In the first part of the talk, we introduce new mathematical formulations and solution approachs to 1) characterize the flexibility region of aggregate DER; and 2) facilitate the participation of aggregated DERs in the wholesale energy market as a virtual power plant (VPP). An ellipsoidal inner approximation of the set of feasible power injection set (flexibility region) at the substation is constructed based on adaptive robust optimization (ARO) technique, which incorporates uncertainties and intertemporal correlation of DER power output characteristics. Leveraging optimal quadratic and affine policies, tractable safe approximations of the ARO can be obtained. To ensure compatibility with the existing market structure, we explore the design of generation cost curves for aggregate DER flexibility to facilitate its integration in the bulk power system. The cost curve design problem is cast again as an ARO problem which preserves both the aggregators’ competitiveness and profitability. Efficient solution algorithm based on concave programming and constraint generation algorithm is developed.

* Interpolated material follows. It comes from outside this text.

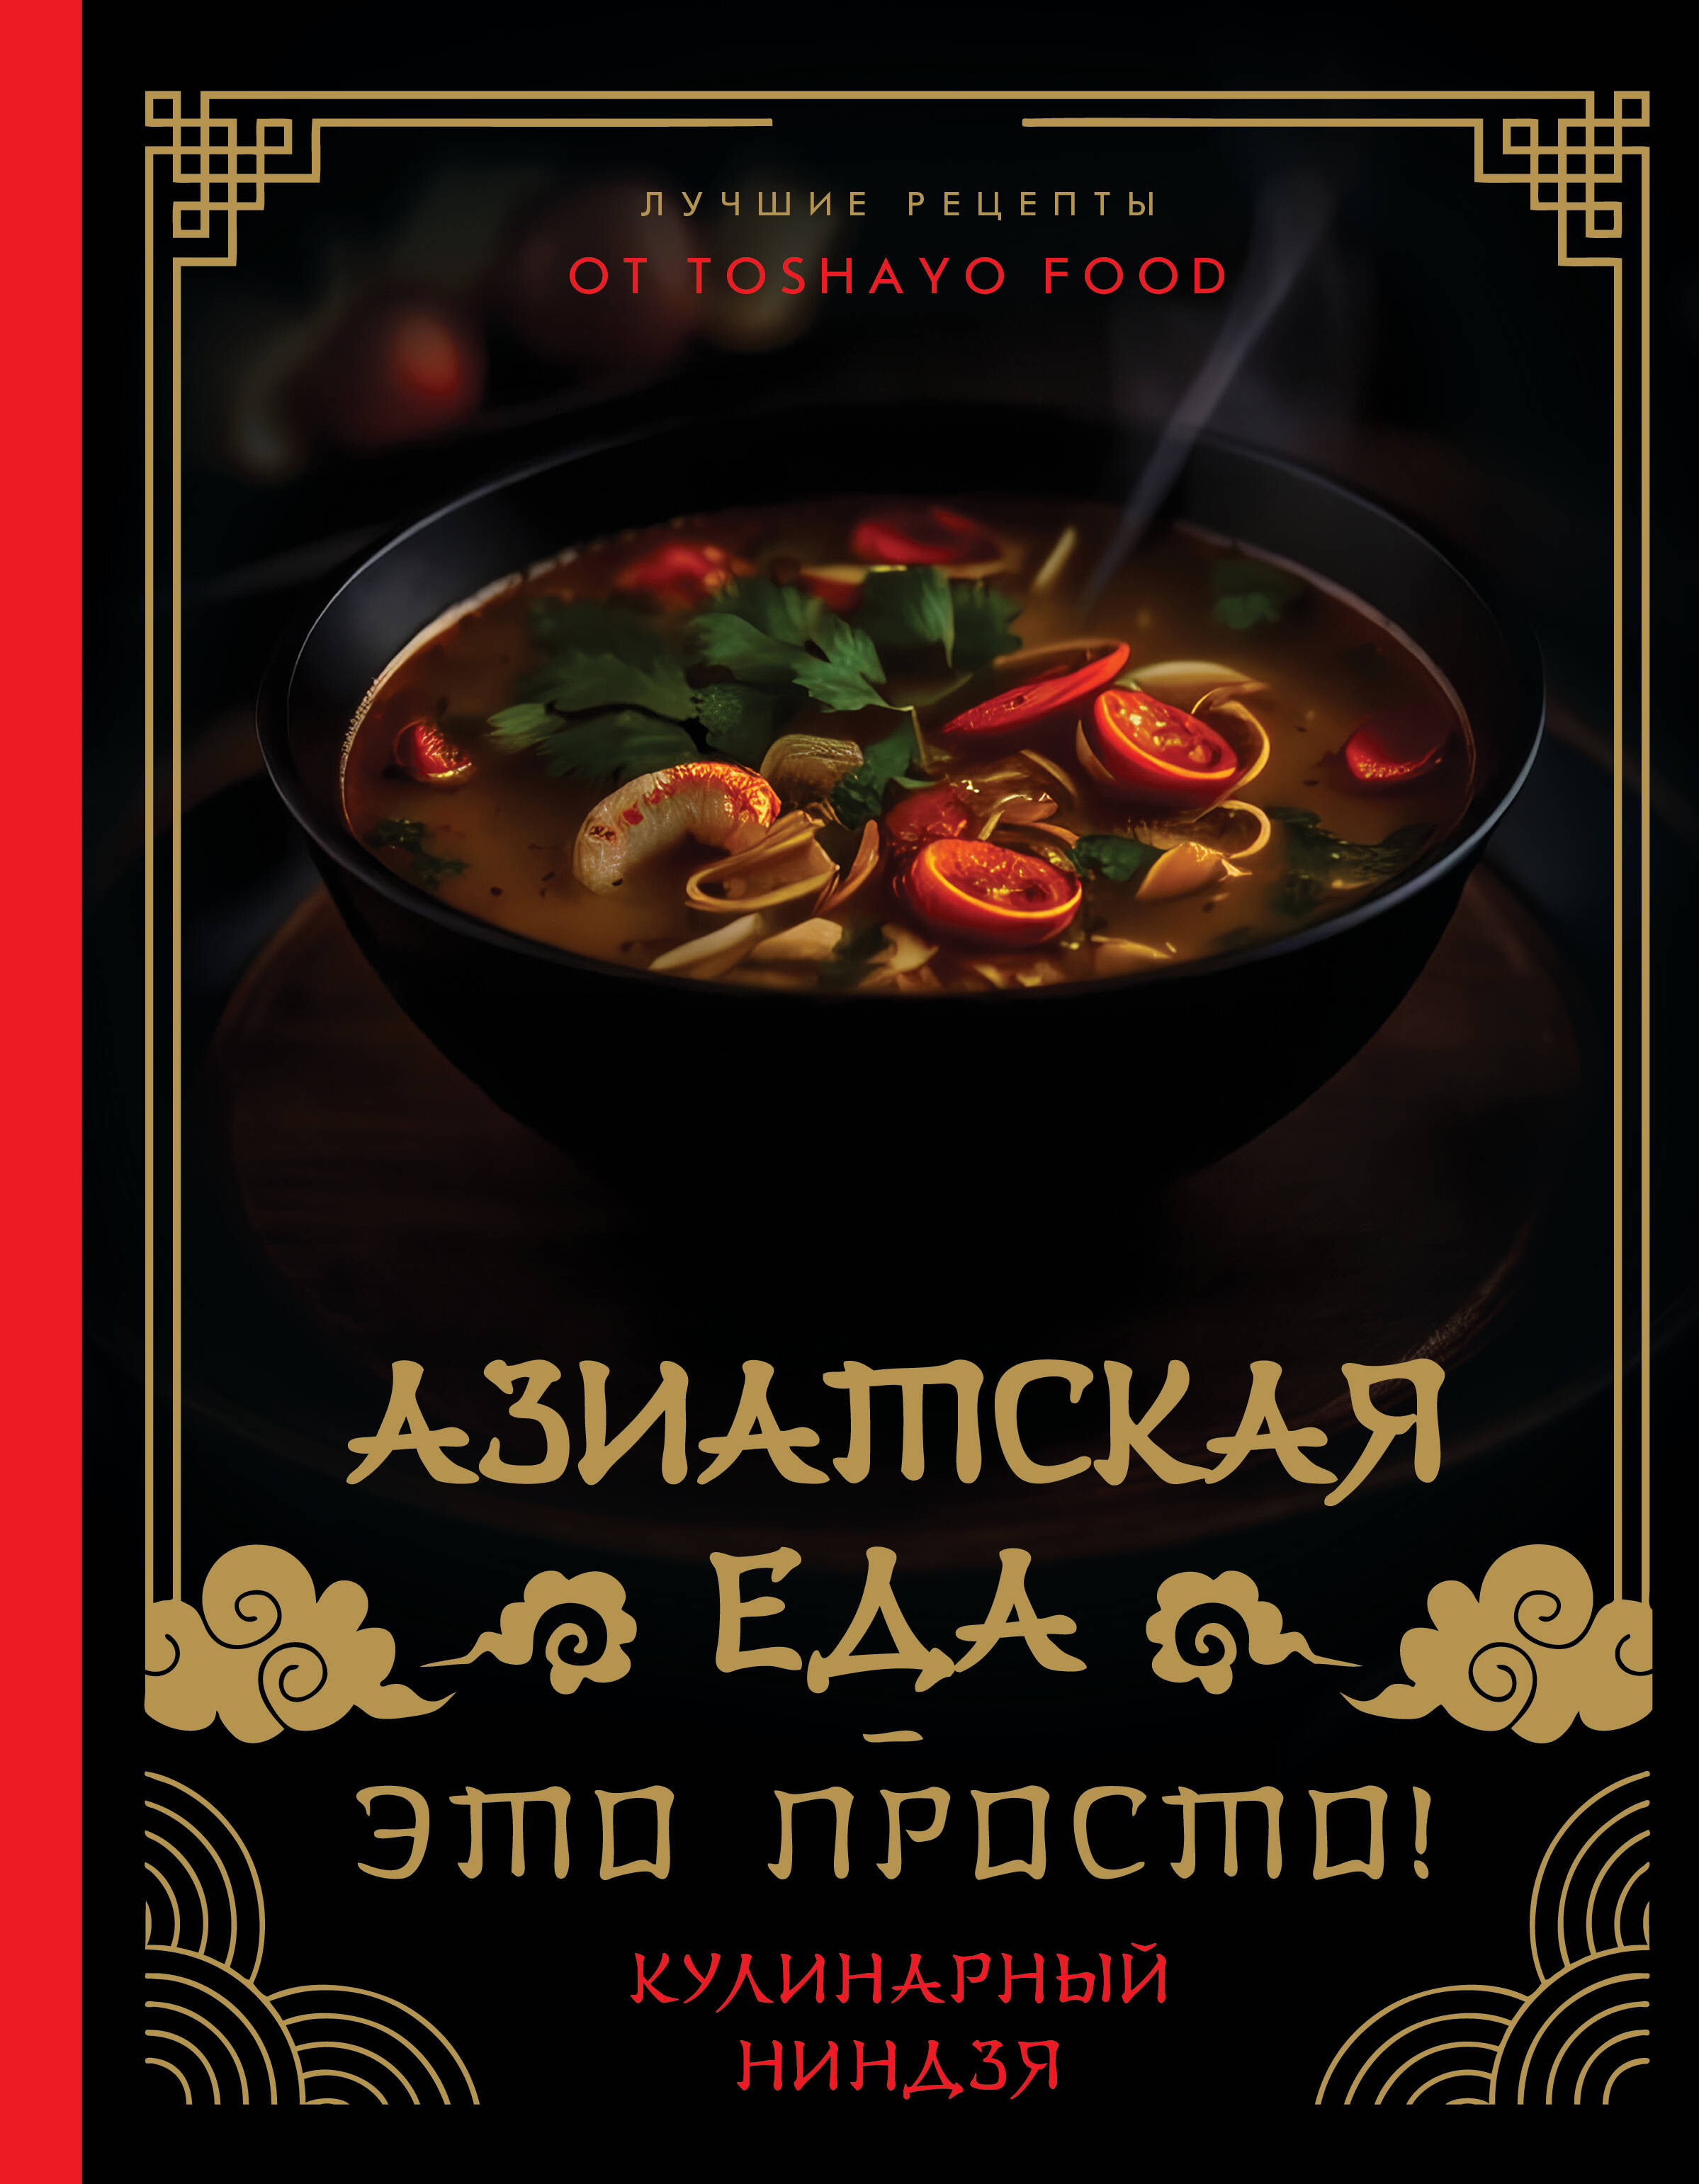 Сурин Антон Александрович Азиатская еда – это просто! Кулинарный ниндзя. Лучшие рецепты от TOSHAYO FOOD цена и фото

In the second part of the talk, we discuss the development of a Lyapunov-based transient stability certificate for droop-based inverter networks leveraging Kuramoto oscillator and compartmental systems theory. The certificate can be used to characterize the region of attraction for the inverter dynamics which ensures asymptotic stability and preserves constraint satisfaction for the entire post-fault dynamics. We discuss a scalable mixed-integer programming formulation to efficiently derive the region of attraction. The new stability certificate exploits special physical properties of the underlying network to reduce the conservatism of existing direct method-based certificates.
Speaker Bio: Bai Cui is a researcher with the Power Systems Engineering Center at the National Renewable Energy Laboratory (NREL). He received his Ph.D. degree in Electrical Engineering from Georgia Tech in 2018. Prior to joining NREL, he was a postdoctoral appointee with the Center for Energy, Environmental, and Economic Systems Analysis (CEEESA) at Argonne National Laboratory from 2018 to 2019. His general research interests are in the application of optimization and control tools in power system studies. Some recent topics of interests include power system resilience and renewable integration.